For some Betrayeds, however, it’s hard to look in the mirror and admit to your role in your spouse’s unhappiness. In fact, there is active resistance on the part of many Betrayeds to do just that. It’s human nature to go on the defensive when one is being criticized. And there is power in being the victim.  To some, to be honest about themselves – – that they actively neglected or actively abused their spouse to the point where the spouse decided to get their needs met elsewhere – is impossible.

Reminds me of a woman you used to blog here. She admitted on her blog being a workaholic, putting on vast amounts of weight, actively avoiding sex with her spouse, and neglecting her marriage, yet was simply stunned when she found her husband’ s 2-week emotional affair that consisted of steamy emails.  And yet she fervently refused to accept any blame for the state of her marriage and to see the obvious “cause and effect” here.  And refused to get past the whole episode.  To most of us, the cause and effect was obvious, as was what seemed to be a vast overreaction on her part (based on her lengthy, frequent and vitriolic posts on her blog) to what had occurred. An opportunity missed to be honest with herself and fix things, and have a better marriage.

Some Betrayeds won’t admit the truth sometimes because on some level it would seem like they are to blame for the affair, and they just won’t be.   They cannot separate “reason” for the affair from “excuse” for the affair (there is no excuse).  They hold a powerful position in the marriage by being the victim and the non-cheater. To admit ANYTHING but being a perfect wife/husband would take some of that power away from them.  There is some “rewriting” going on there too for very predictable psychological reasons.

Some Waywards will admit to almost anything to save their marriages.  And yes, when a Wayward is caught and are DESPERATE to not be thrown out of their home and marriage, they may agree with you that they told lies about the state of their marriage. That they were manipulated by their Affair Partner.  They need to shift the blame and focus away from them as much as possible.

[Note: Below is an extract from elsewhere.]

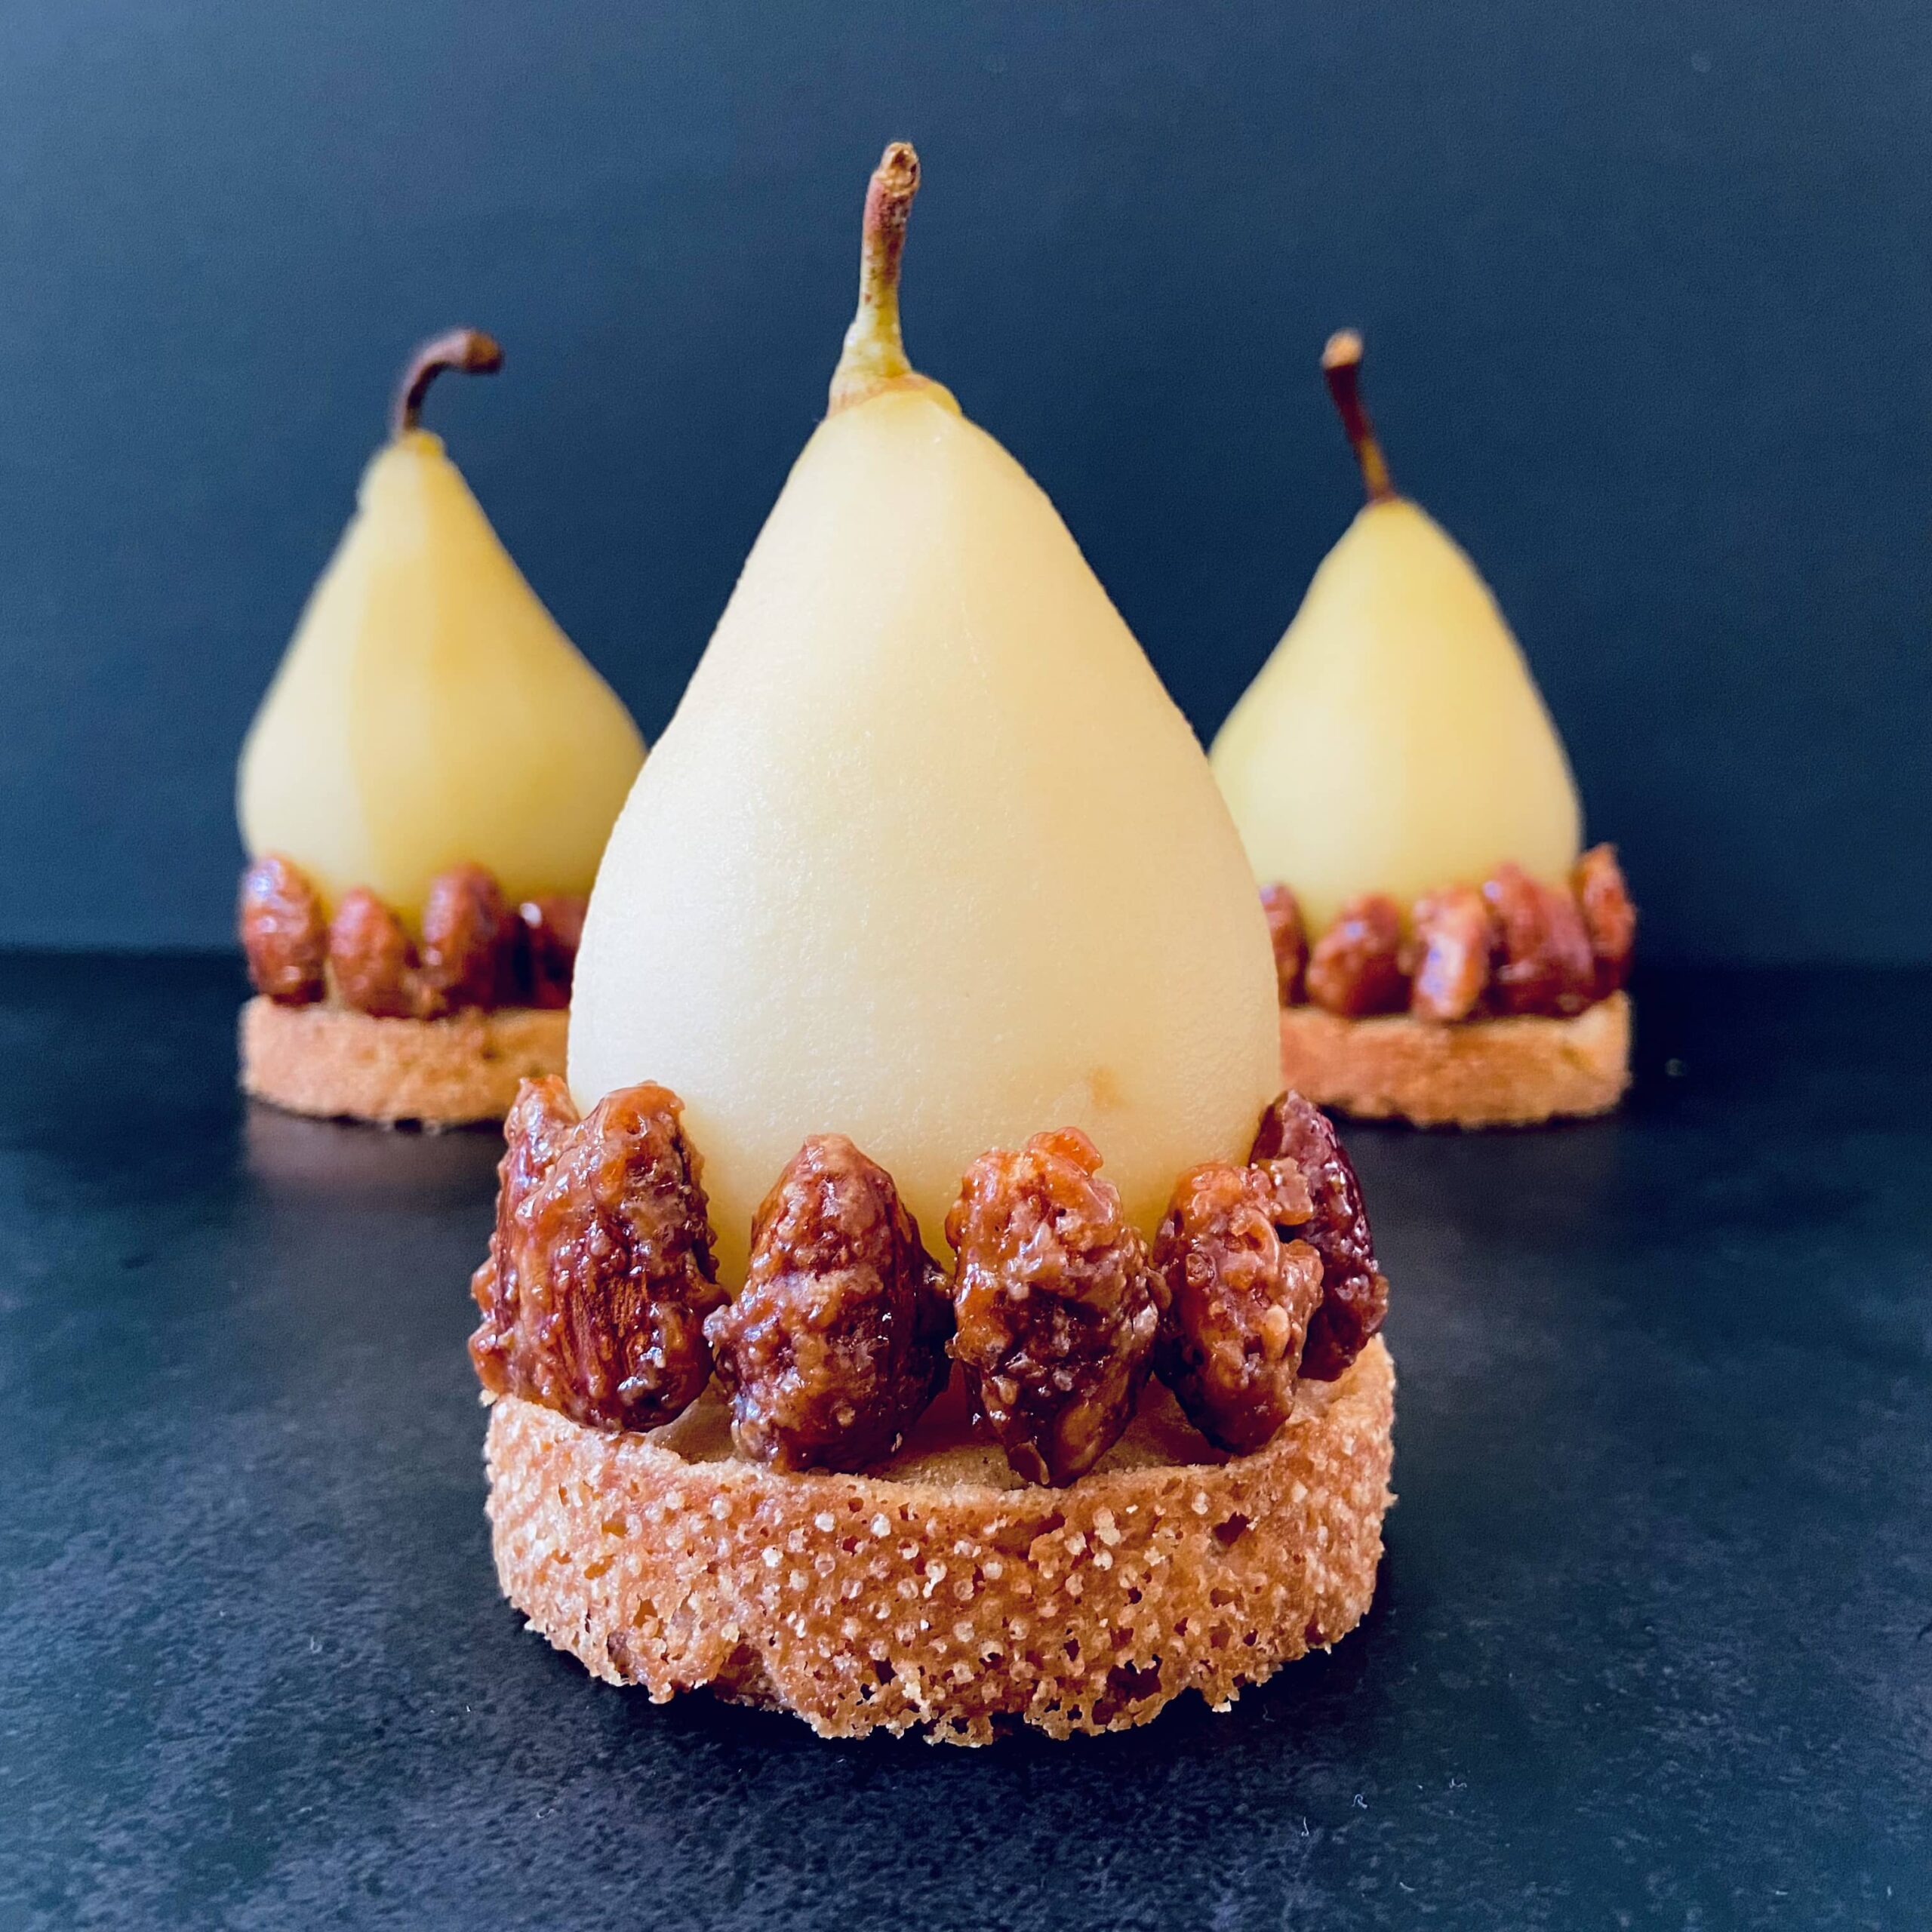 Pear tart with roasted almonds (with spelt & egg free)

They will do anything to stop the ship from sinking and save themselves — from being thrown out, from anger and recrimination.  At that point, they will be willing to say whatever it takes to make the yelling and blame stop.   They want the focus off them and the affair.   Even if they have to skirt the truth to do it.  T Remember, they already have not only a proven record not only of deceit with you, but successful deceit. They might still be lying to save the marriage. It’s human nature.

Conclusion:   Everyone rewrites relationship history, whether they experienced an affair or not. Couldn’t you say this about almost any couple, especially one that has split up? Aren’t there always two different and irreconcilable “versions” of the relationship/marriage told by each? And both deeply believe it?  Isn’t it basic human nature to portray yourself as the good, honest person and the victim after a breakup? How many people are actually honest with others (let alone themselves) about how they actually acted in relationship and their role in its dissolution?  Few.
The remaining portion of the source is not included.